> _SOURCE DATA_:
------------------------
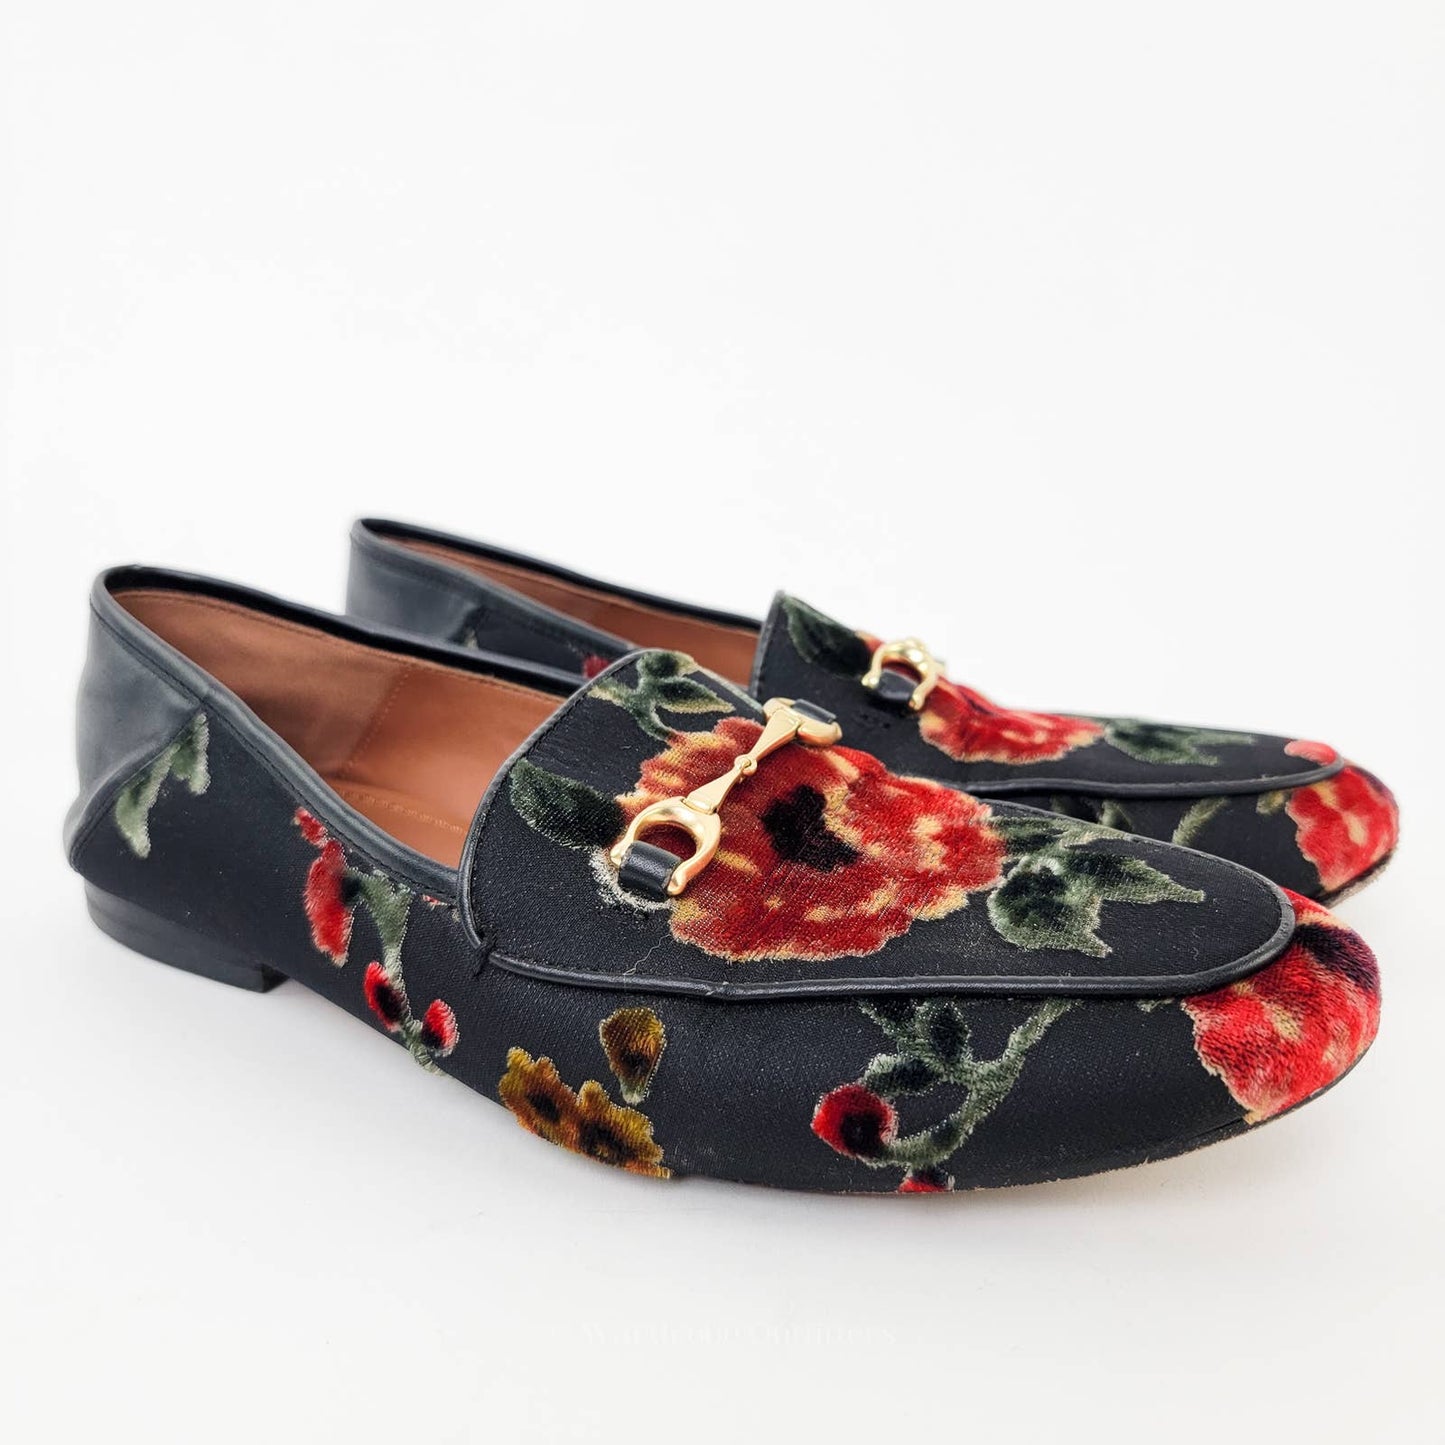 Coach Haley Floral Jacquard Slip On Loafers - 7.5
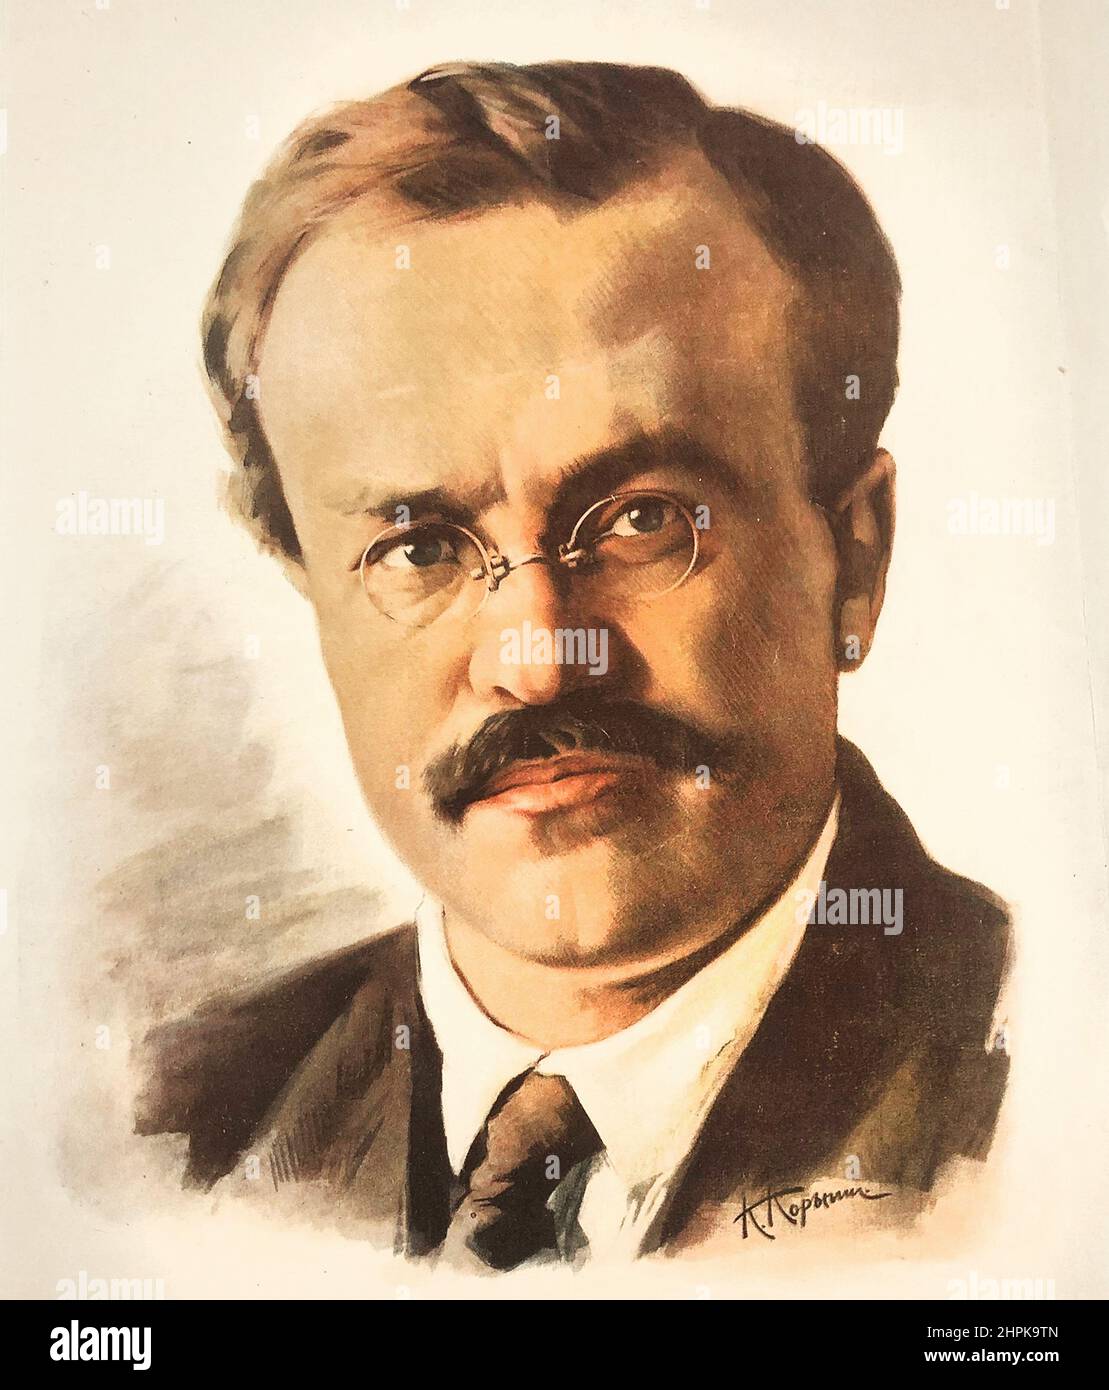 Portrait of Vyacheslav Molotov (1890–1986). He was a Russian politician and diplomat, an Old Bolshevik, and a leading figure in the Soviet government from the 1920s onward. He served as Chairman of the Council of People's Commissars from 1930 to 1941 and as Minister of Foreign Affairs from 1939 to 1949 and from 1953 to 1956. Stock Photo
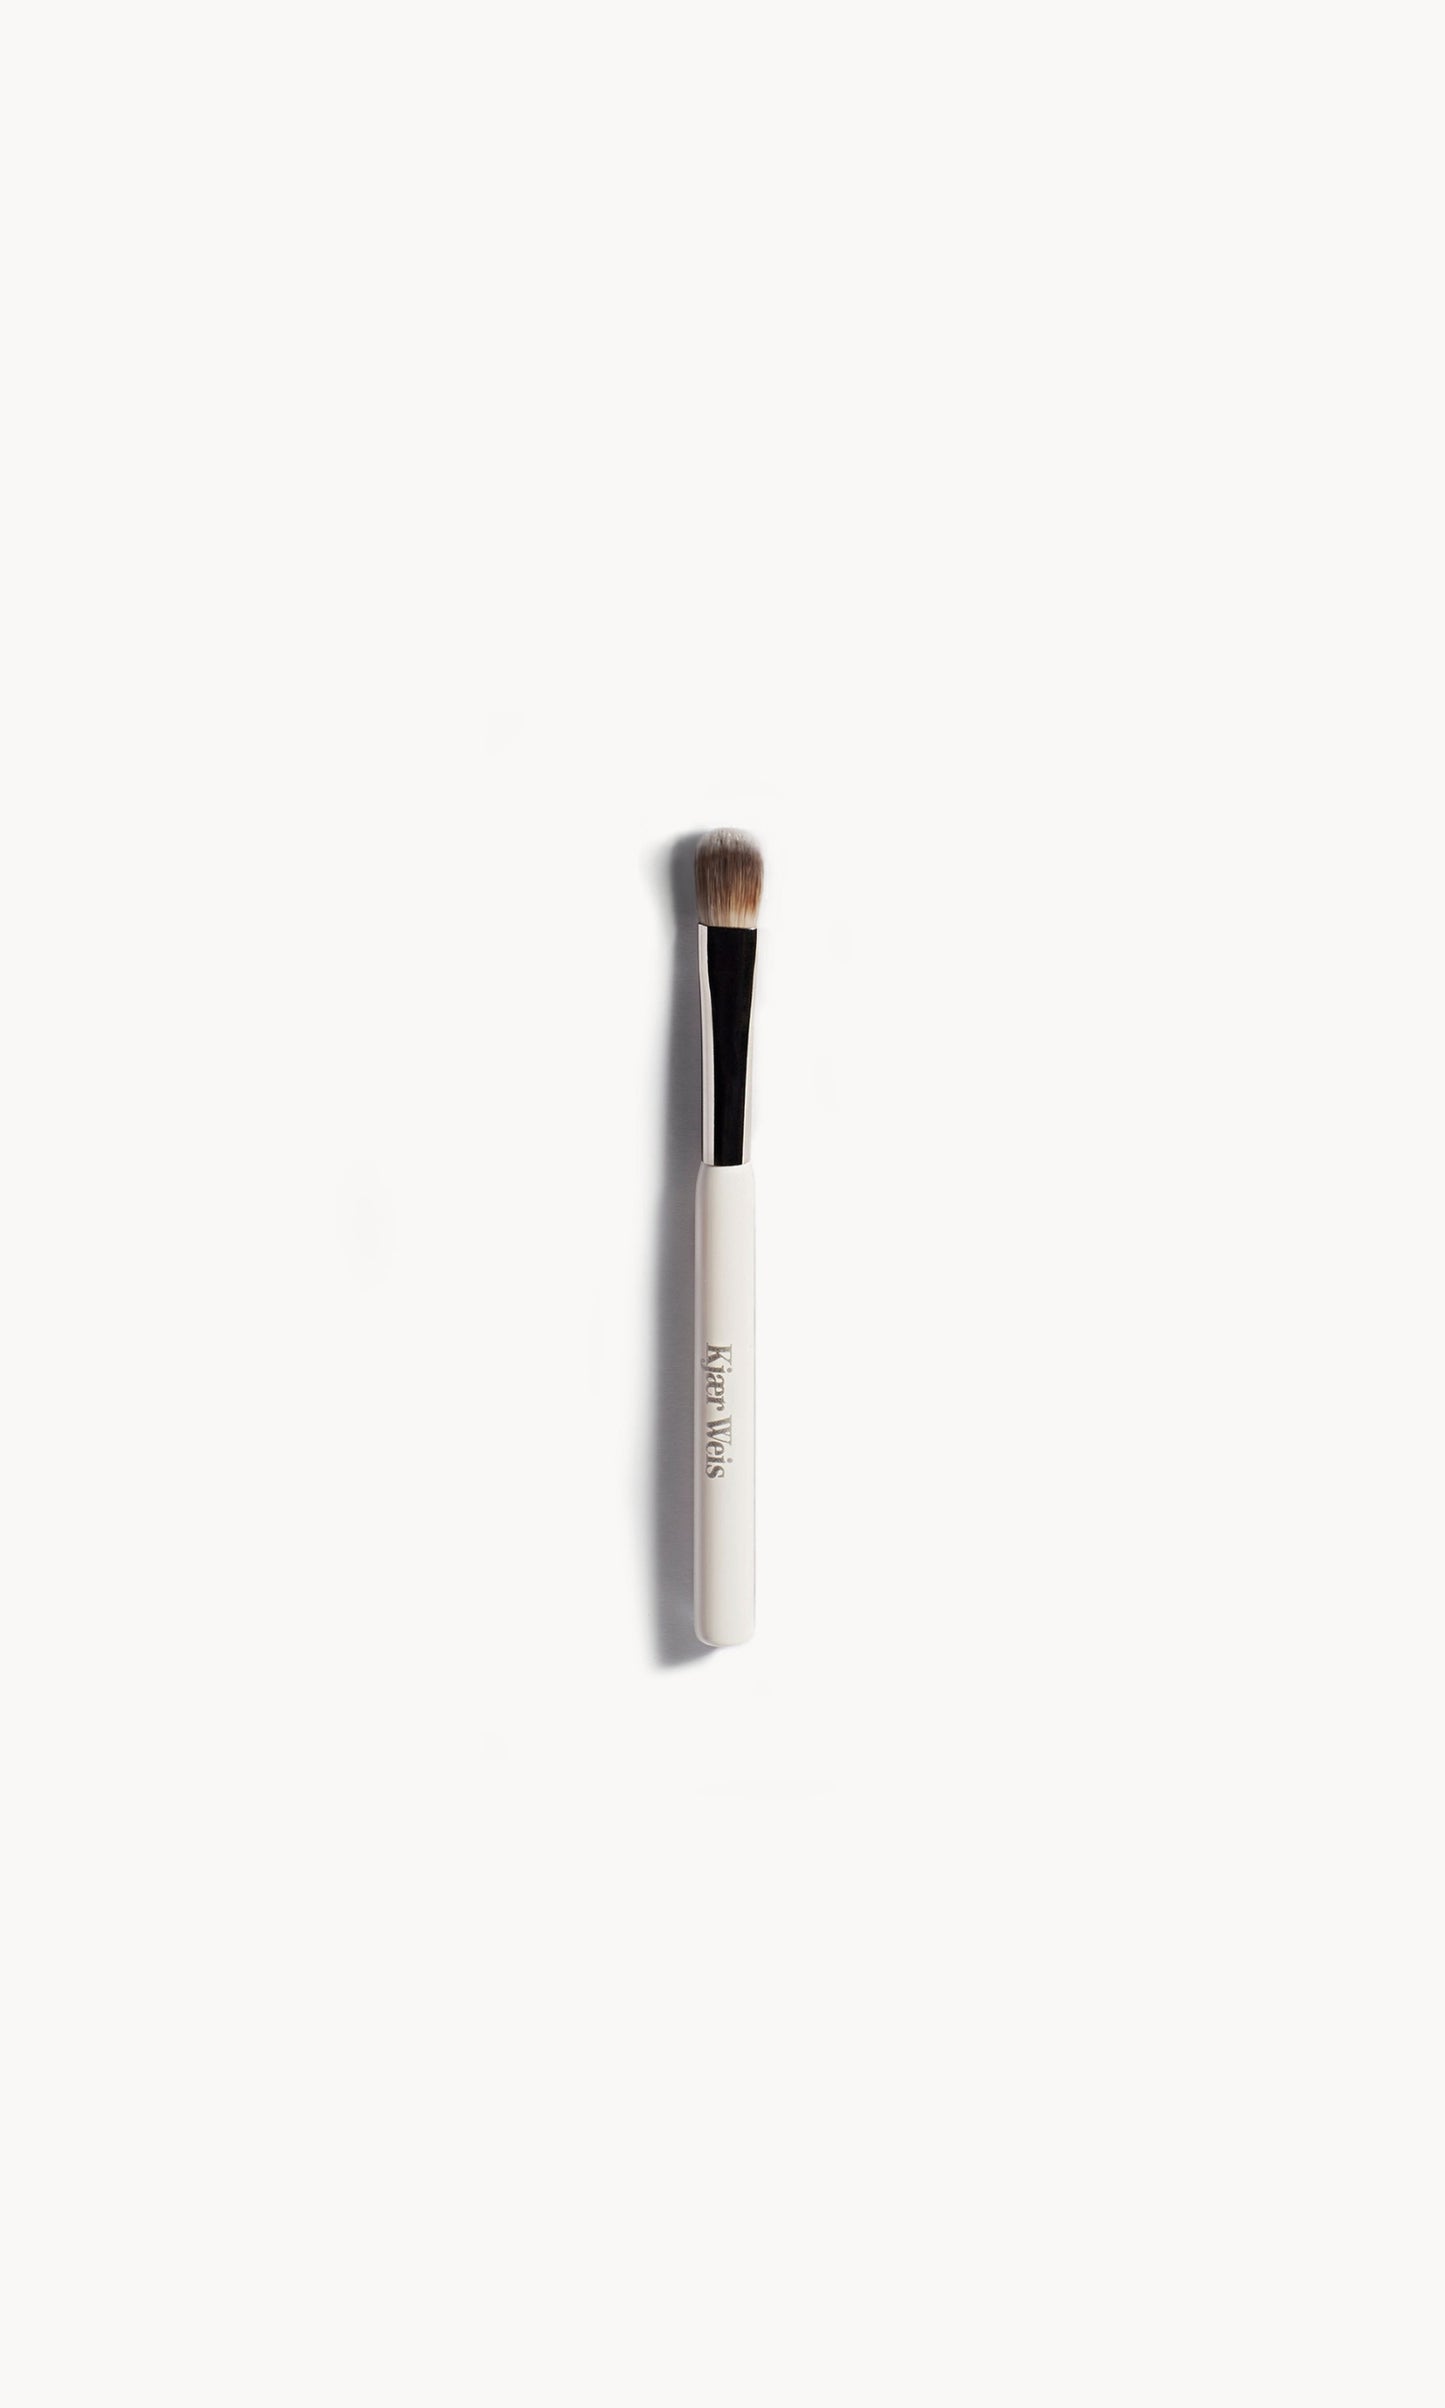 Eye shadow brush lying flat on a white background. The brush has a white and silver handle with brown bristles.
------------------------
> _REQUIREMENT_:
For this exercise, transcribe the data above line by line, exactly, with pictures omitted.

> _ANSWER SECTION_:
 Coach Haley Floral Jacquard Slip On Loafers - 7.5
 Portrait of Vyacheslav Molotov (1890–1986). He was a Russian politician and diplomat, an Old Bolshevik, and a leading figure in the Soviet government from the 1920s onward. He served as Chairman of the Council of People's Commissars from 1930 to 1941 and as Minister of Foreign Affairs from 1939 to 1949 and from 1953 to 1956. Stock Photo
 Eye shadow brush lying flat on a white background. The brush has a white and silver handle with brown bristles.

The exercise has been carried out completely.